**Recorded information**

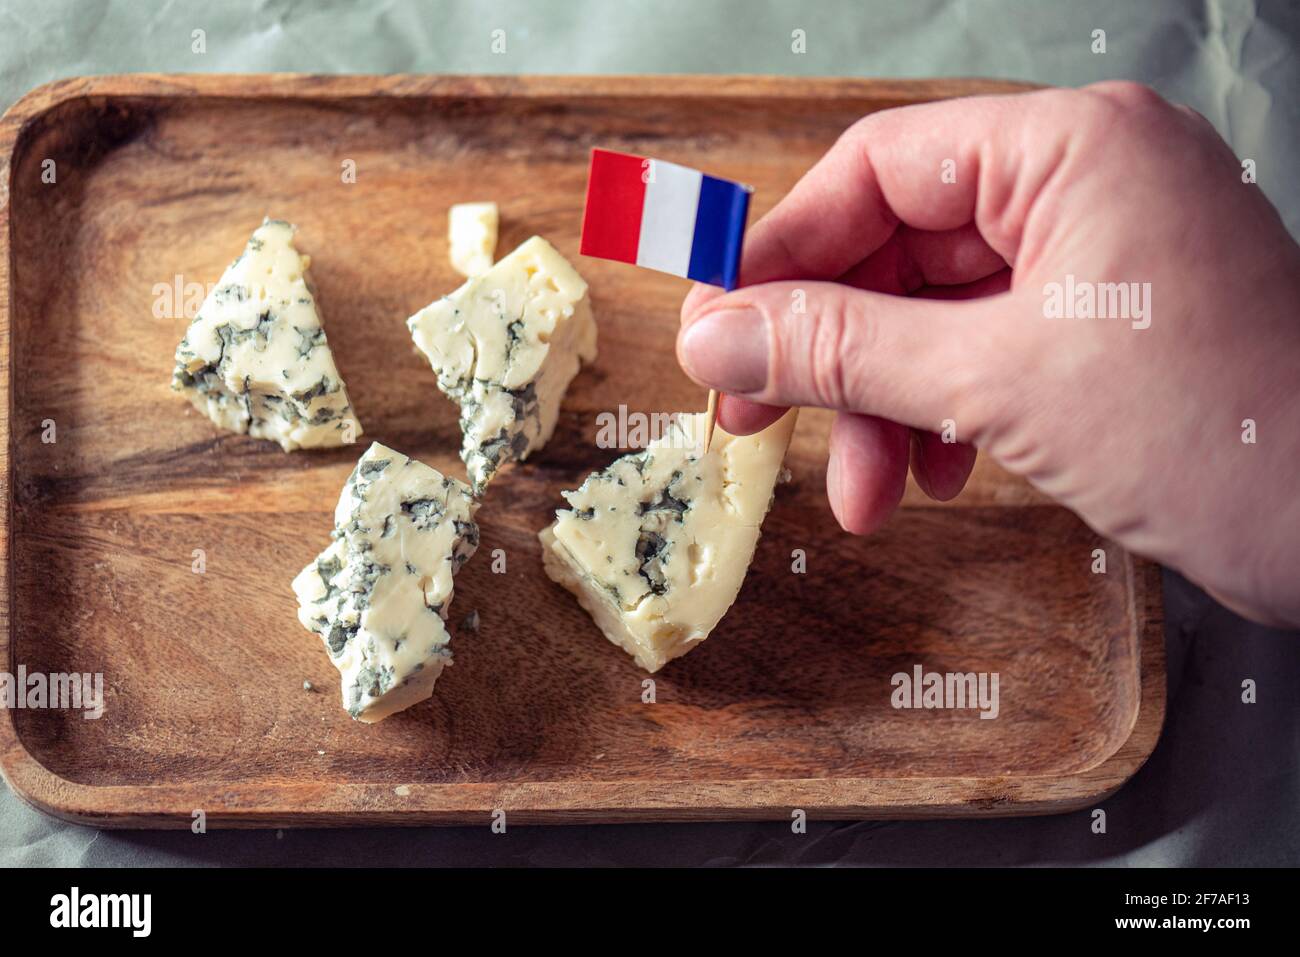 Un homme fermier mettant un petit drapeau français de papier sur le fromage bleu, la nourriture traditionnelle française Banque D'Images
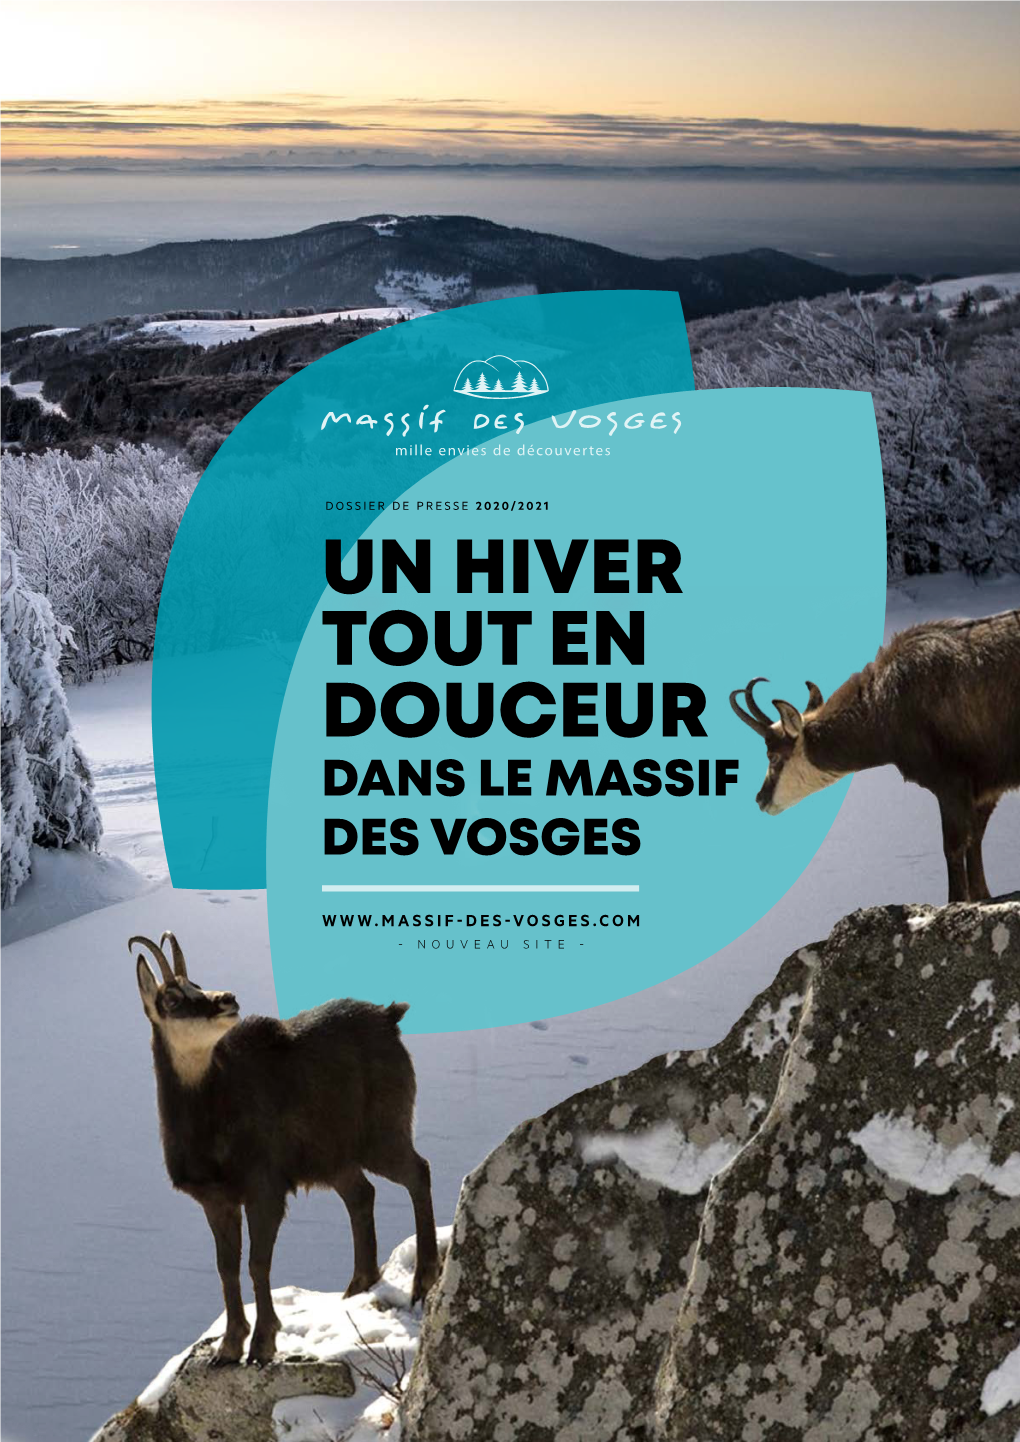 Dossier De Presse Massif Des Vosges
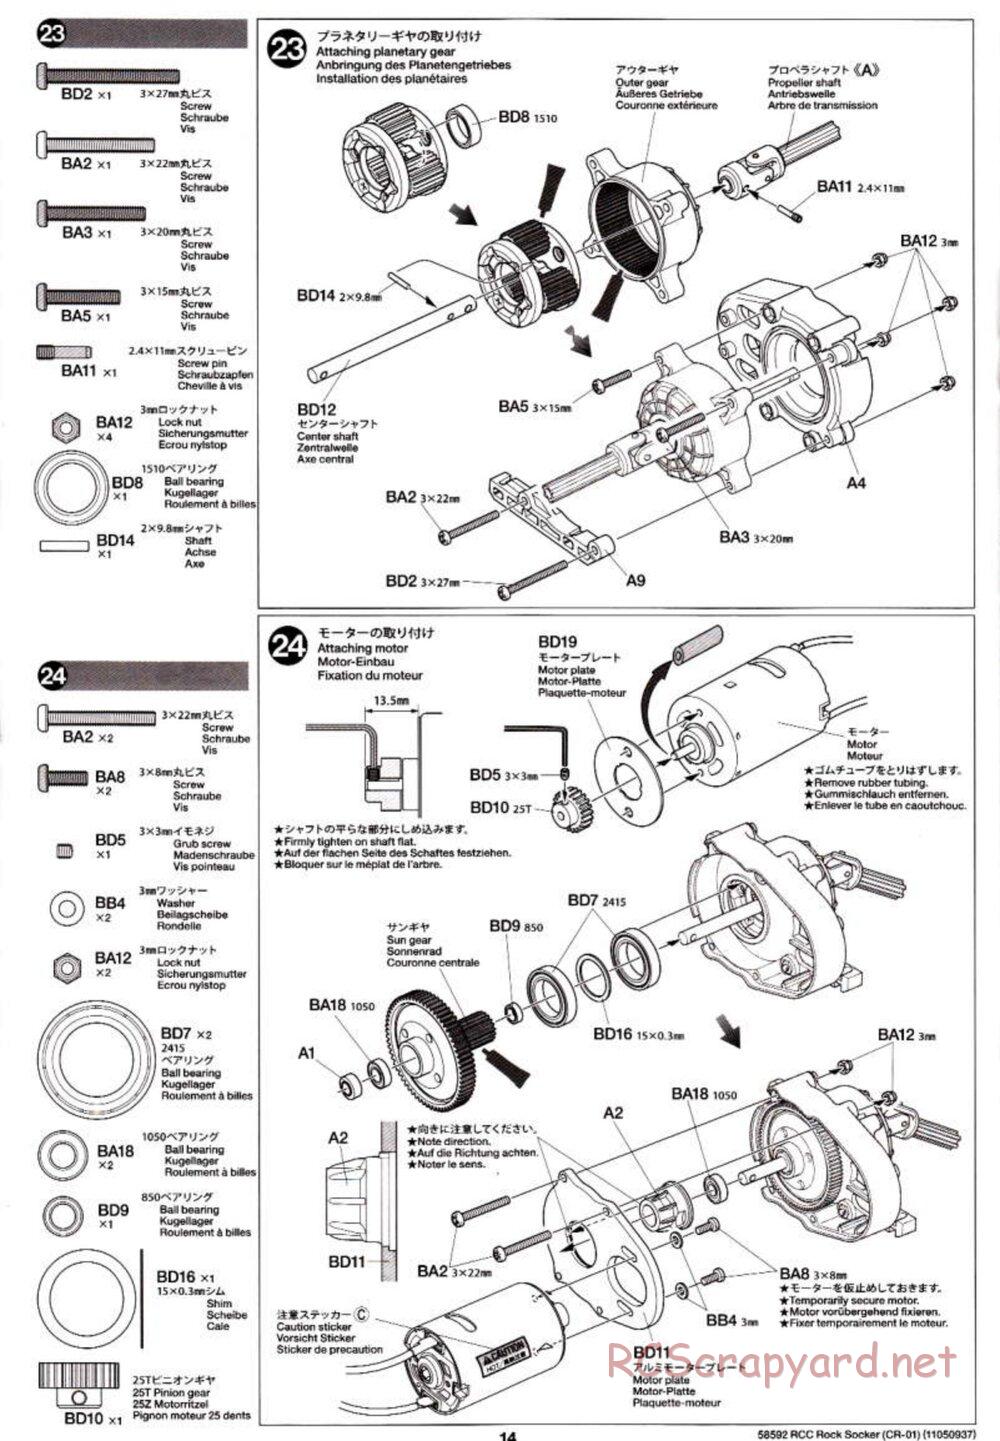 Tamiya - Rock Socker - CR-01 Chassis - Manual - Page 14

**Work instruction**
A word-for-word copy of the listing is the goal; keep every picture out of it.

**Reply**
 Un homme fermier mettant un petit drapeau français de papier sur le fromage bleu, la nourriture traditionnelle française Banque D'Images
 Dossier De Presse Massif Des Vosges
 Tamiya - Rock Socker - CR-01 Chassis - Manual - Page 14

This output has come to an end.